Luke coded the simulation model in the commercial software MATLAB and then ported it to the open-source Octave software which was made available on a number of NGS clusters. The tournament attracted over 100 entries, so running it meant they had to run over 100,000 individual simulations. This took just over 60,000 CPU hours to complete.

Luke had very few options available as 60,000 computer hours would have been a deal breaker if he had been restricted to in-house computing resources.  It would have meant the project could not have been completed successfully. Thus, while the advantage was that they could run many simulations in parallel, the principal advantage was more basic than that – doing it on the NGS meant it could be done at all.
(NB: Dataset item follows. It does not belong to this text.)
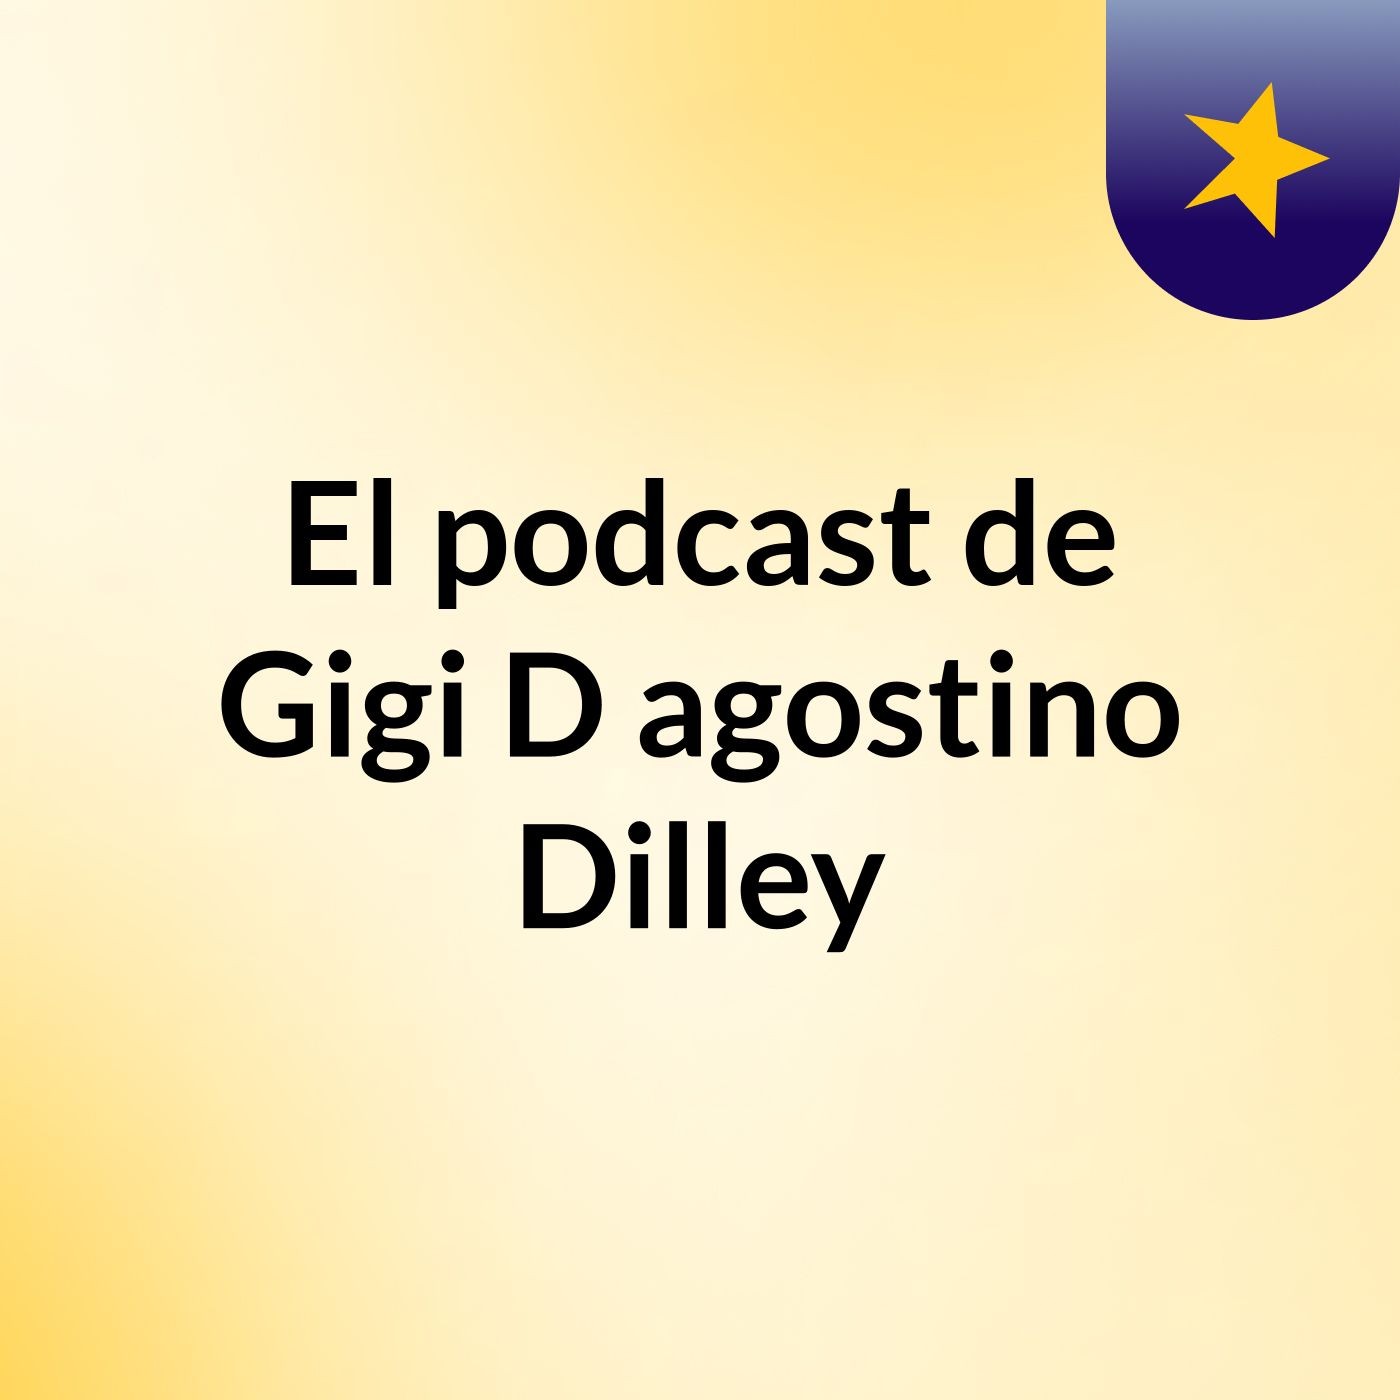 El podcast de Gigi D, agostino Dilley

Luke explained “We are incredibly grateful to the NGS for the helpful and flexible way that resources were made available to us. Without it, our research would simply not have happened. We are looking forward to working with the NGS again to run follow-up tournaments”.

Funding body - supported by the EU Framework 6 CULTAPTATION project (European Commission contract FP6–2004-NESTPATH-043434)
Associated published papers - Why Copy Others? Insights from the Social Learning Strategies Tournament. Rendell, L., Boyd, R., Cownden, D., Enquist, M., Eriksson, K., Feldman, M. W., Fogarty, L., Ghirlanda, S., Lillicrap, T. & Laland, K. N. 9-Apr-2010 In : Science. 328, 5975, p. 208-213.